Meeting the Challenge
The overall transformation was affected by a lack of documentation, resources, and people who could answer questions. Essentially, the entire solution upgrade was treated as a reverse engineering exercise, with DataArt’s team required to decipher the source code, the details of implementation and configuration, and the deployment model, all without any technical insight.
The following approach was used to resolve the issues:
Data processing, storage, and all services were migrated to the AWS (Amazon Web Services) environment. Data processing was done by deploying the solution into a DC/OS cluster based on AWS resources. All deployable components are now delivered in Docker containers to ship them to a newly created GuestMetrics Ops team and effect the deployment process more easily.
Instead of maintaining a Hive cluster-based solution using a mix of Java, Bash, SQL, HDFS, and Hive, the entire solution was converted into a portable data processing pipeline based on Apache Spark. This made it possible to eliminate dependencies and, more importantly, run the data pipeline continuously every six hours instead of once a month. As a result, the data pipeline met the client’s platform requirements.
The legacy platform was transformed using R and a Shiny server for visualizing data. The development team decided to keep the platform as a subcomponent of a more scalable and easily extendable solution due to the complex and time-costly migration of the Dashboard system. This made it possible to enable SSO integration and customization based on individual client needs.
Business Benefits
The DataArt team transformed the Pipeline into a new, fast, cost-effective, and optimized technological solution capable of quickly processing transactions. The solution was migrated to AWS, thus eliminating the hardware dependency and minimizing maintenance costs. Supplementary scalability was achieved using docker containerization.

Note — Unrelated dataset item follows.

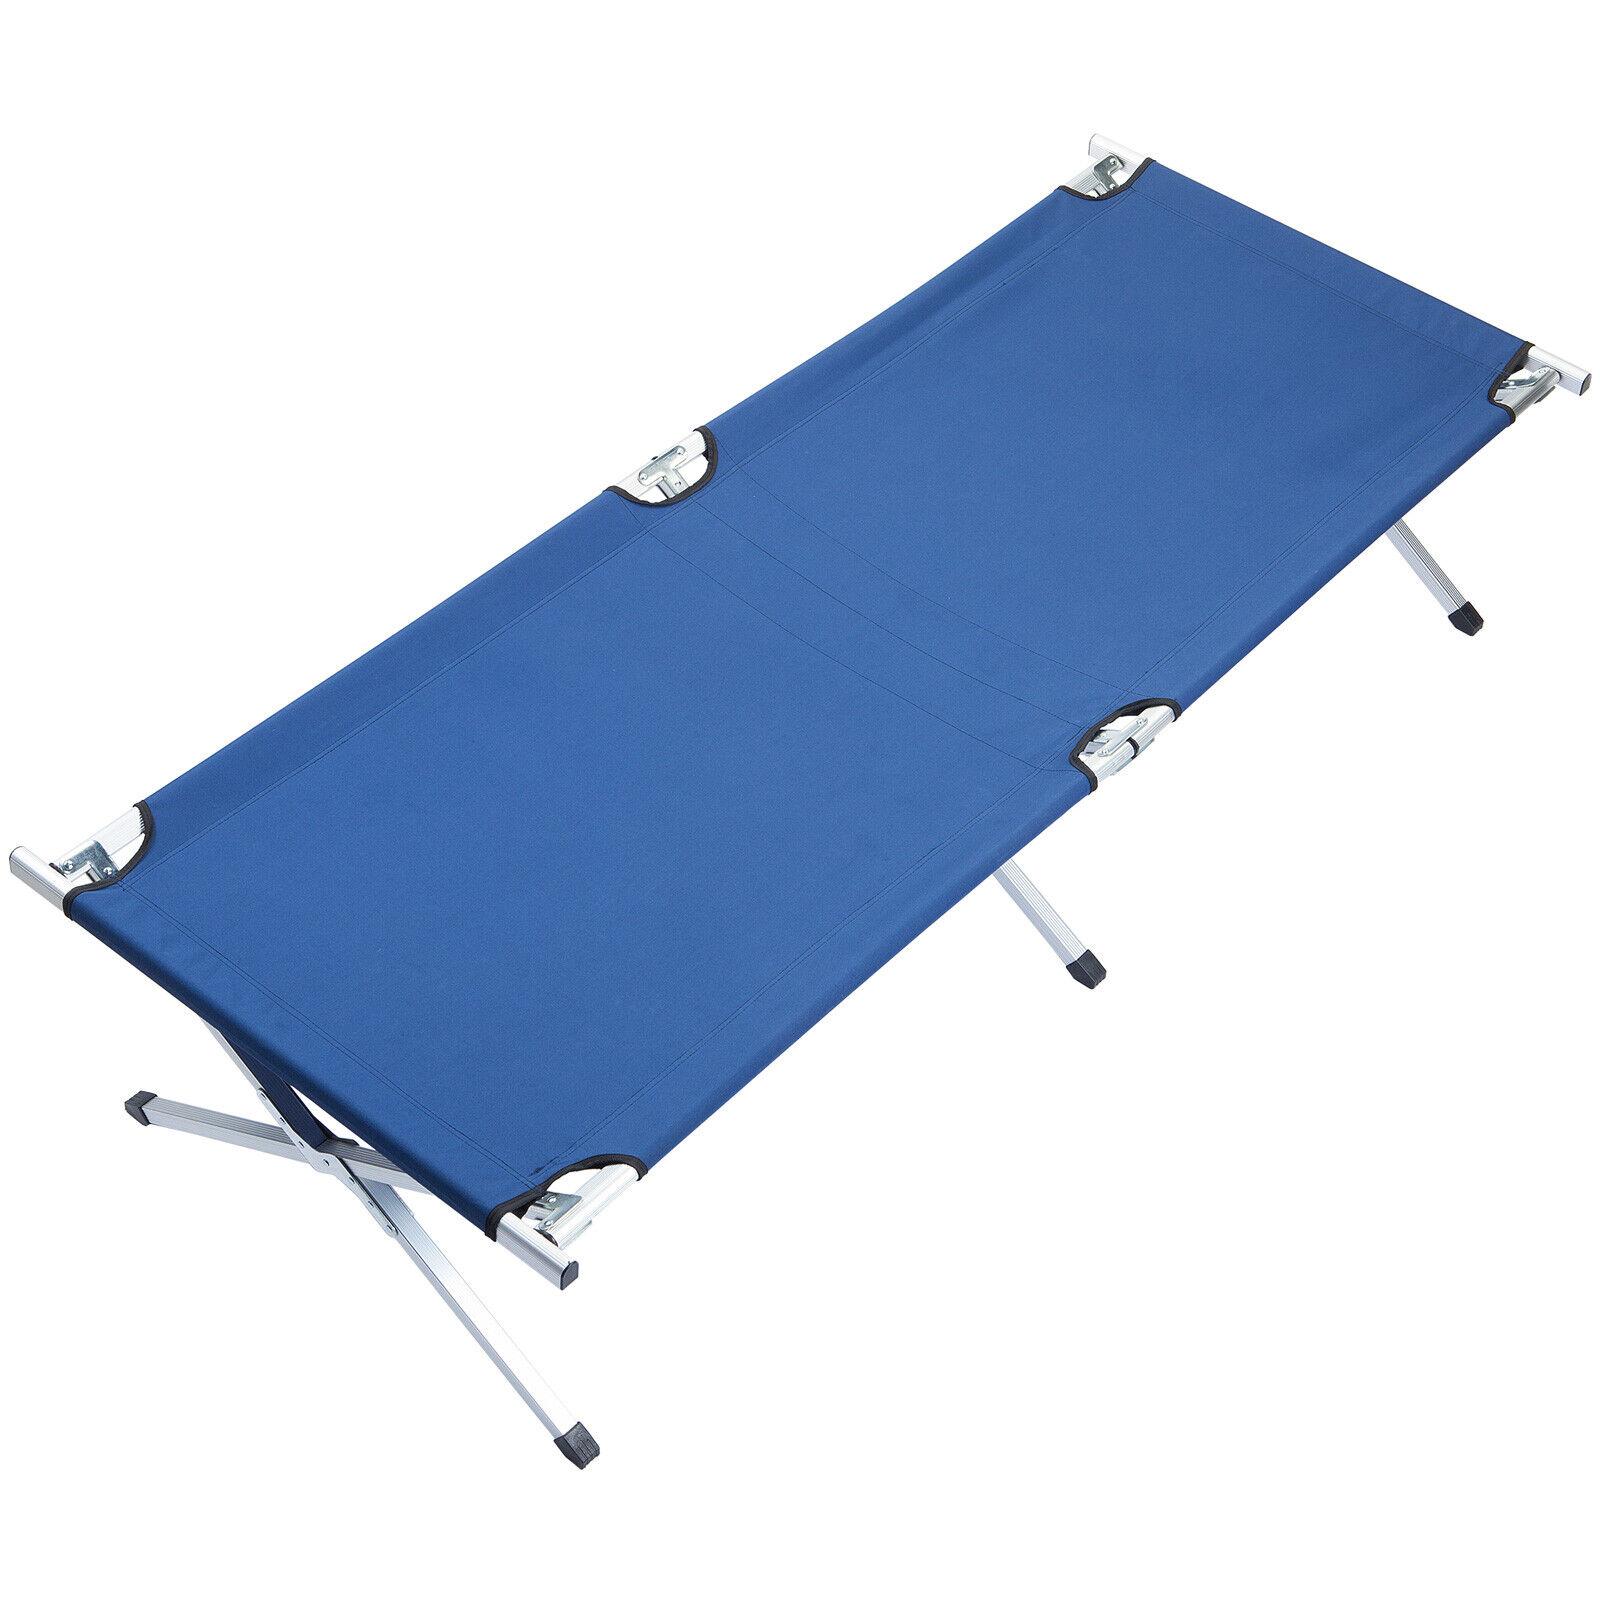 Skandika camatumbona camping aluminio 210x80cm 120 Kg plegable blu nueva

The earlier, slow data processing system prevented the Client from developing their business and from providing their customers with data promptly.
The new and more effective data processing pipeline helped the Client achieve their business goals and successfully meet customer requirements.
Technology
The high level component architecture of the data pipeline:

DataArt performed in-depth research and provided full comprehensive documentation for each step and component of the transformed solution.